# Is it over??



## hungryforshrooms (Apr 2, 2015)

Does everyone think the season is over? I'm hoping with the heat this weekend that its just getting started.


----------



## morelofthestory (Apr 22, 2016)

Don't know what to say for sure, but I wouldn't give up yet. I found my first and only morel of the season yesterday. It happens to be one of the largest I have ever found, and had clearly been growing for awhile, but was still fresh. My hunting partner claims the vegetation and ground cover is not as far along as last year when we were still finding them. One can hope that after these recent rains and cooler temperatures some more will pop out still.


----------



## tamster (Mar 28, 2015)

Is it over? I'm hoping not! According to our FB pics from previous years, now is the time. However, my hubby and I went out last night and didn't see a trace....not even toadstools. The grass is getting tall and all other signs are there, just not the morels. We are hoping that todays heat will cause a little commotion in the woods! Only 2 ticks were found...woohoo!!!


----------



## newb87 (May 14, 2014)

I've pulled 13lbs out of the bottoms with in the last 4 days near Lawrence, a lot of fresh greys were still popping up. There good at hiding on the leafe litter so keep yours eyes peeled open.


----------



## nellman (Apr 20, 2016)

I don't know what I'm doing wrong. I know I don't have an abundant of ash and elm trees but I've been searching hill, rivers,and creek beds with no luck what's so ever.


----------



## newb87 (May 14, 2014)

Nellman 8 out of 10 spots just as a example bc it feels like 18 out of 20 of my spots that produce morels haven't yielded a single one. Check different spots, don't spend to much time in one location before trying a different one. It's a weird year but that's finally what worked for me, wish you luck.


----------



## nellman (Apr 20, 2016)

Been87, I know. Went a little further south but can't find places that I can actually go to. Most of the land here is posted.


----------



## najanaja (Apr 12, 2013)

newb87 said:


> I've pulled 13lbs out of the bottoms with in the last 4 days near Lawrence, a lot of fresh greys were still popping up. There good at hiding on the leafe litter so keep yours eyes peeled open.

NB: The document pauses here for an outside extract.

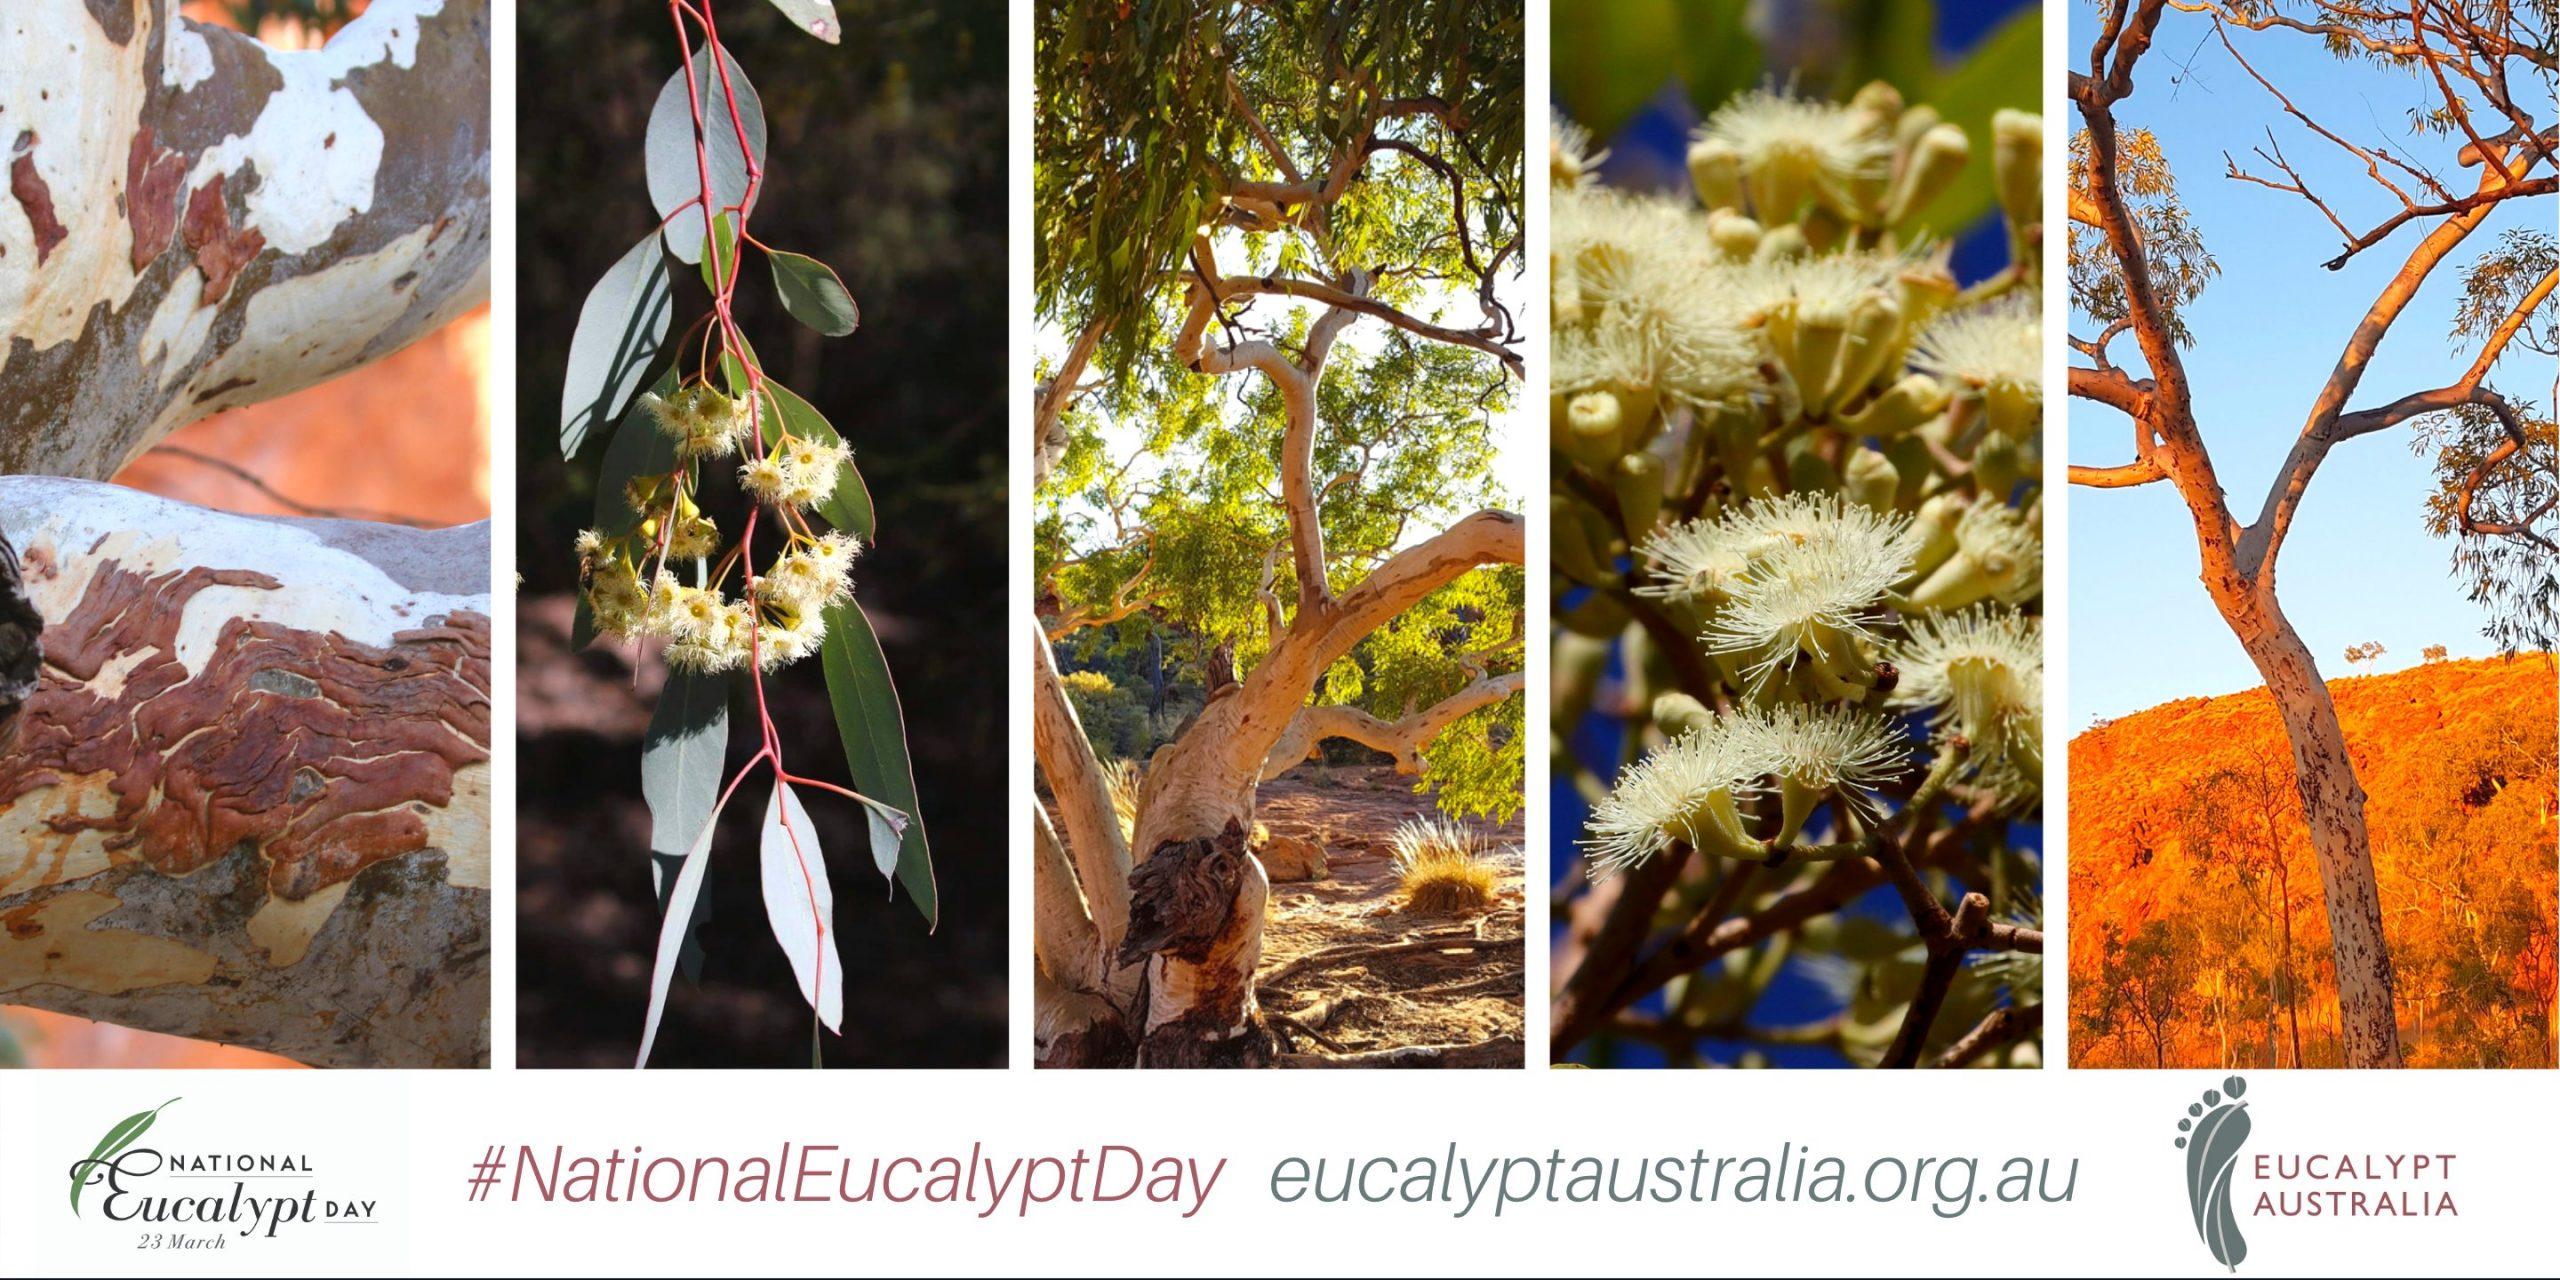 National Eucalypt Day

impressive report and thanks for posting. weather has been very disappointing but I'm heading out this weekend for the first time. Rain in our area and the warm last few days are what I've been waiting for.


----------



## LFKhunter (Mar 22, 2018)

nellman said:


> I don't know what I'm doing wrong. I know I don't have an abundant of ash and elm trees but I've been searching hill, rivers,and creek beds with no luck what's so ever.


It's really just beginning, As long as it doesn't heat up too much too fast should have a chance. Add Sycamores to your target trees


----------



## Tamalama (Apr 2, 2017)

We've been finding a few here and there for the past 2 weeks.
Yesterday was our best haul thus far. They are buried in the leaves and really make you work for them...lol.


----------



## ksalmon (Apr 13, 2014)

LFKhunter said:


> It's really just beginning, As long as it doesn't heat up too much too fast should have a chance. Add Sycamores to your target trees


Sycamore are where I'm finding 95% of mine this year...a good shroomer looks up just about as much as down!!


----------



## KB Sr. (Apr 30, 2018)

*We went a few days ago n found 30 of em. Found em in the leaves so there being hard to spot. Ground is still really dry n supposed to rain 3 days this week. Will be goin this wkend. Good luck everyone!*


----------



## Nita Wilkinson (Mar 1, 2018)

hungryforshrooms said:


> Does everyone think the season is over? I'm hoping with the heat this weekend that its just getting started.


I just returned home from hunting. 
I found three today. I am new at this and excited !
The redbuds just bloomed the past day or two here and there was a little more vegetation growth. We had two hard cold fronts the past few weeks and I think things are delayed due to that.


----------



## rango (Feb 16, 2016)

Tamalama said:


> View attachment 5795
> View attachment 5796
> We've been finding a few here and there for the past 2 weeks.
> Yesterday was our best haul thus far. They are buried in the leaves and really make you work for them...lol.


Those are nice looking shrooms. What county please?


----------



## rango (Feb 16, 2016)

Does any body have a report from SEK?


----------